You hear it said all the time. Or I do anyway. “There’s only twelve notes!” Well, if we work from Do (as in “Do (Doe), a deer”) as our starting point and sing the scale up to the next Do an octave away, that’s 8 notes in a key (Do, Re, Mi, Fa, Sol, La, Ti and the other Do), plus the 5 accidental notes not in the key (the black keys on the piano where “Do” is the note “C”) and that’s thirteen notes total. I could’ve gone with twelve, but really in popular music that second Do is going to get a lot of work relative to some of the other pitches and deserves its place. And it’s going to get work here in “Doe, A Deer.” (It’s actually titled “Do-Re-Mi” but nobody wonders if you’re referring to the song or the scale when you say “Doe, A Deer.”)

“Doe, A Deer, A Female Deer.” That’s six notes. And here comes the math: 13 notes to the power of however many notes in our melody (6) minus 12 to the same 6th power is 4826809 minus 2985984 minus our “do a deer” melody leaves one million. eight hundred and forty thousand, eight hundred and twenty four other possible six-note melodies from those original thirteen notes.

Almost two million.

But that’s just static rhythm, we assumed the same rhythmic value every note. If we allowed for rhythmic variations, that would be a factor of “number of rhythmic choices to the power of however many notes in the melody.” Back to “Doe, A Deer, ” it happens to employ three different rhythmic values across its six notes (I think that’s right. I only thought about it for 5 seconds and I’m moving on.” So that’s three to the power of six?

“Hey Google, what’s three to the power of six?”  Google says “the answer is 729.”  Geesh, times that other huge number? Again, “Hey Google…”  Google says, “1,341,960,696.”  Number is getting big.

Hold up.
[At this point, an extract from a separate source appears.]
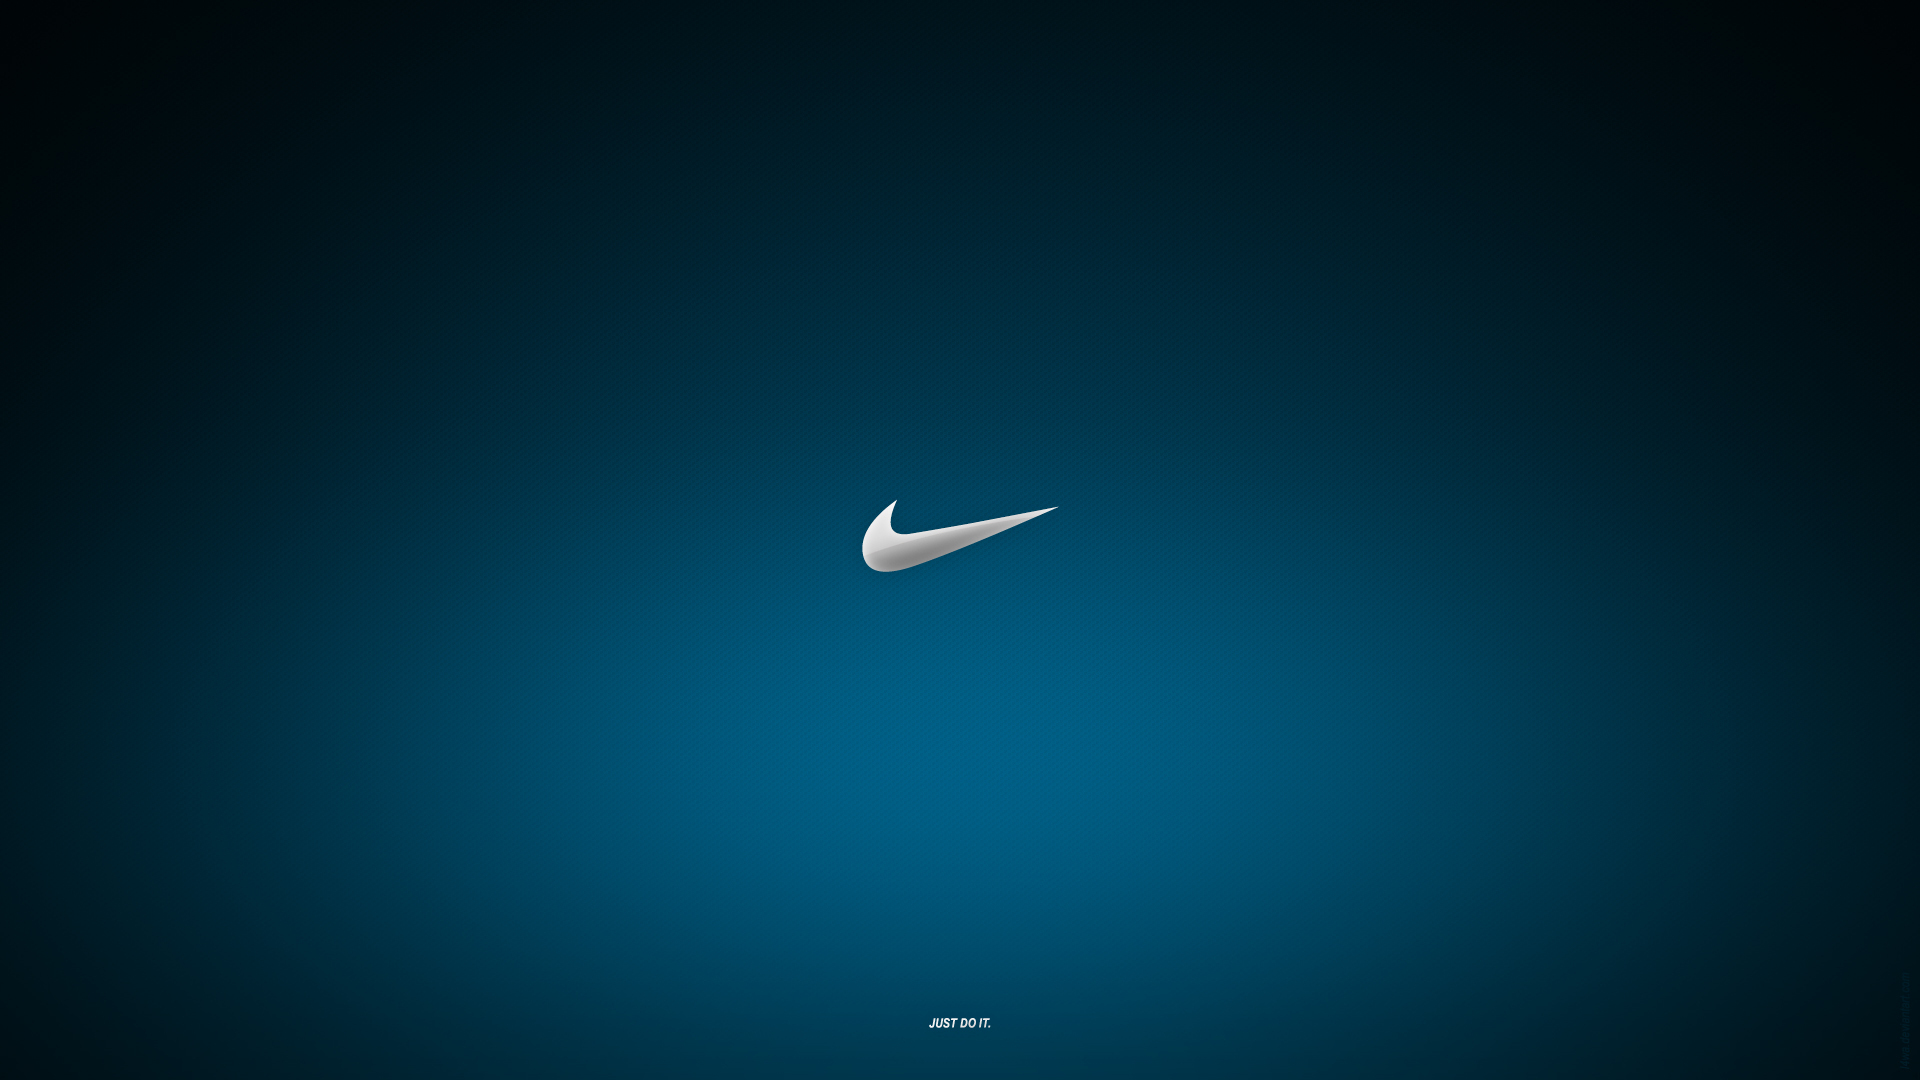 Descargar las imágenes Nike gratis para teléfonos Android y fondos pantalla de Nike para teléfonos móviles

That doesn’t factor in the number of harmonies against which those melodies might be applied. Keep it simple. 1.3B multiplied by three chord rock and roll is gonna put us up around seven billion.
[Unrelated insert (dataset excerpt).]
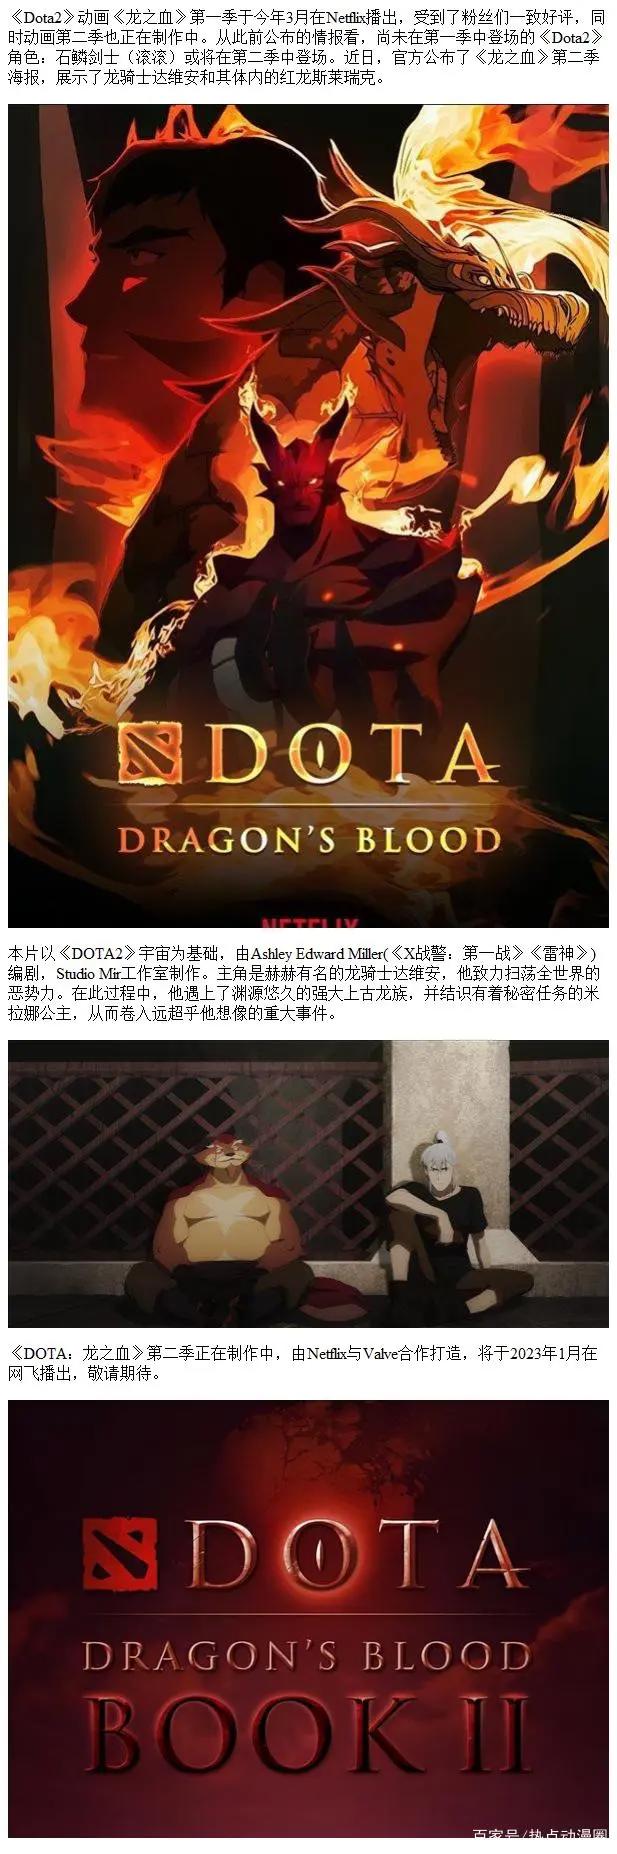 《Dota：龙之血》第二季海报达维安及红龙斯莱瑞克
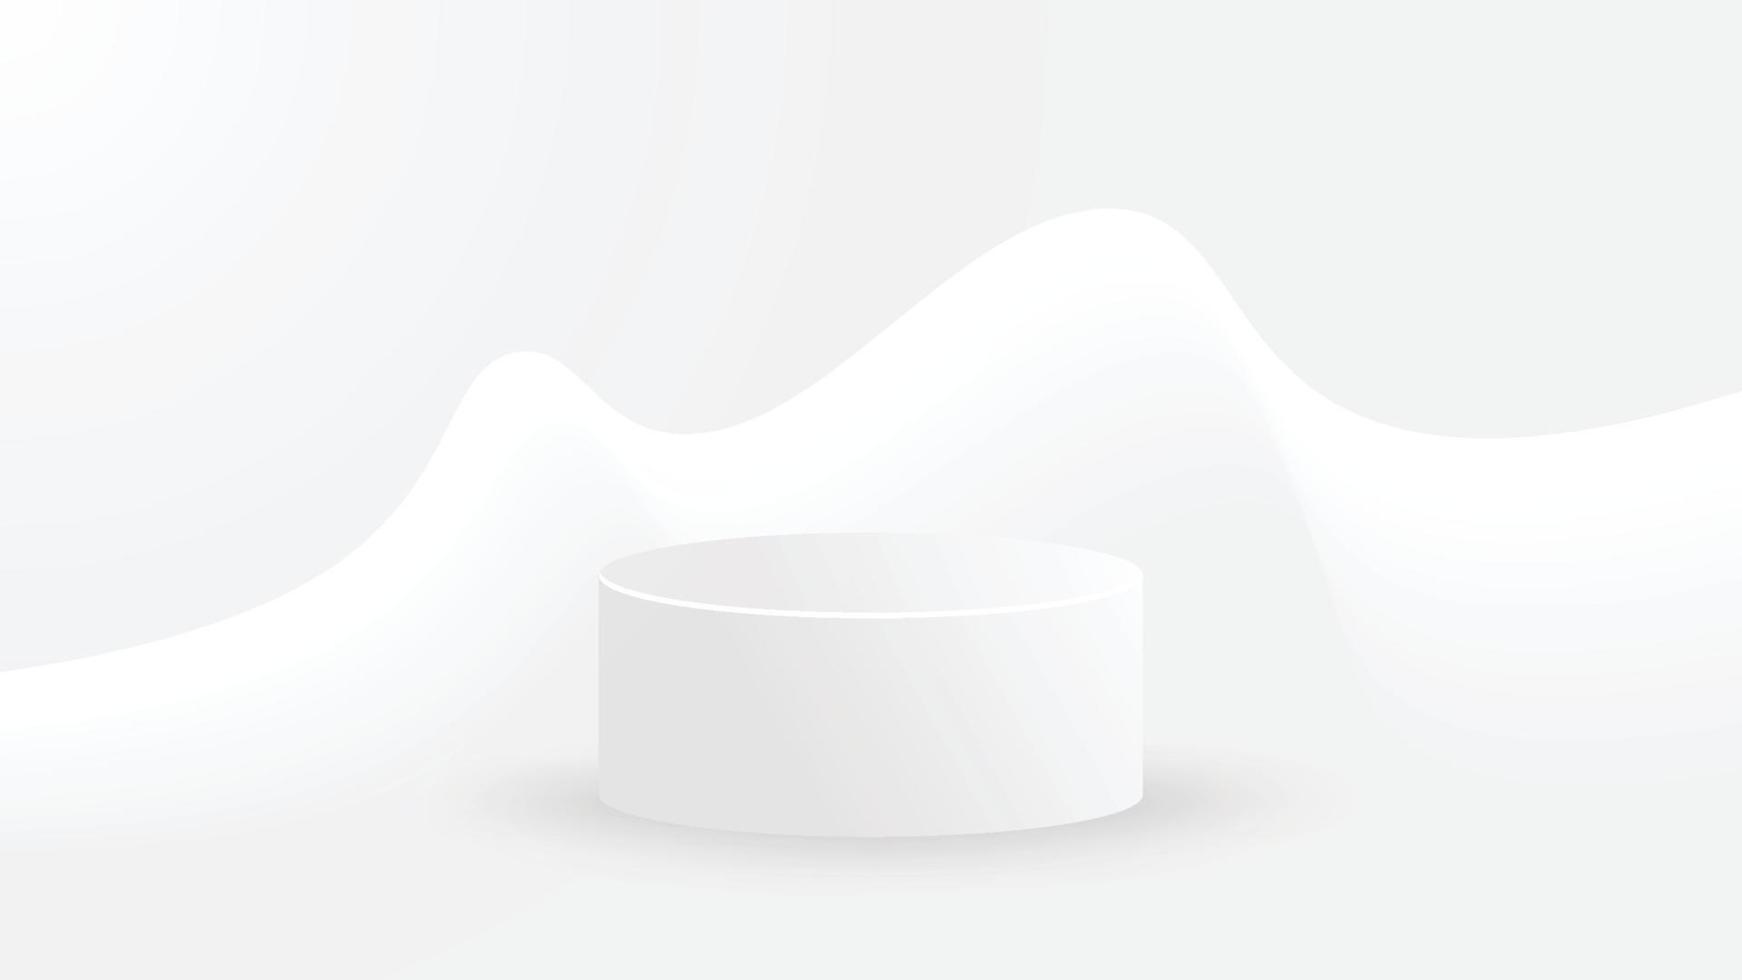 pódio do círculo 3D branco. cilindro realista simulado pódio com decoração de fundo mínima. ilustração vetorial vetor

So just six notes can be wrought in billions of ways, but how many of them would be pleasing and potentially popular melodies? A helluva lot fewer, I’ll grant you.

But a lot nonetheless, wouldn’t you think?

Our tastes would have to be damned narrow to winnow that down to something problematic, would they not? Do we really have a societal ill here that needs fixing. And if we do, shouldn’t we look elsewhere for the root of the problem? We should.

And Mr Buccafusco does. He points out that while current creatives want copyright laws to be in a state of balance — strong enough to protect their existing work, but flexible enough to allow them to continue creating — the retired creatives, and their estates I suppose (he calls these “legacy interests”) are only interested in the former — broad protection of their fixed supply of IP. And he’s right. Why wouldn’t his “legacy interests” people want any whiff of appropriation to be copyright infringement? Indeed they would.

But still, how big a deal?

Mr Buccafusco says it’s potentially big! He (and he has plenty of company) raises the Blurred Lines spectre and warns us all that because of that verdict and the actions of those who would broaden copyright protections, we’re facing a future of low incentive for creative pop music artists. And perhaps he and many others who agree with him will be right. (I read three of these a week.) I think time will show that all the fuss around the Blurred Lines verdict is overdone. It’s a jury verdict and an outlier even among jury verdicts. That jury was most entitled to its opinion, but juries are notoriously unpredictable and simply are not going to be right all the time. Will Pharrell Williams, et al. v. Bridgeport Music, Inc., et al. be a landmark case in forty years? Is past even prologue? I have my doubts.

Water is still wet. The originality of a piece of music may always be arguable, but it’s not arbitrary. Between the many musical “building blocks” — the reasonably unprotect-able common language, devices, and features that make up popular music and charm our narrow tastes — and the evidently several billion melodic possibilities you might employ in, around and through those building blocks, there’s inexhaustible opportunity for creativity and originality, if…

[long dramatic pause] 

… there’s wisdom and reason around what’s protectable and what’s not.

No small “if.”


(Do not write me to explain that water is in fact not wet. I will climb through the screen and choke you.)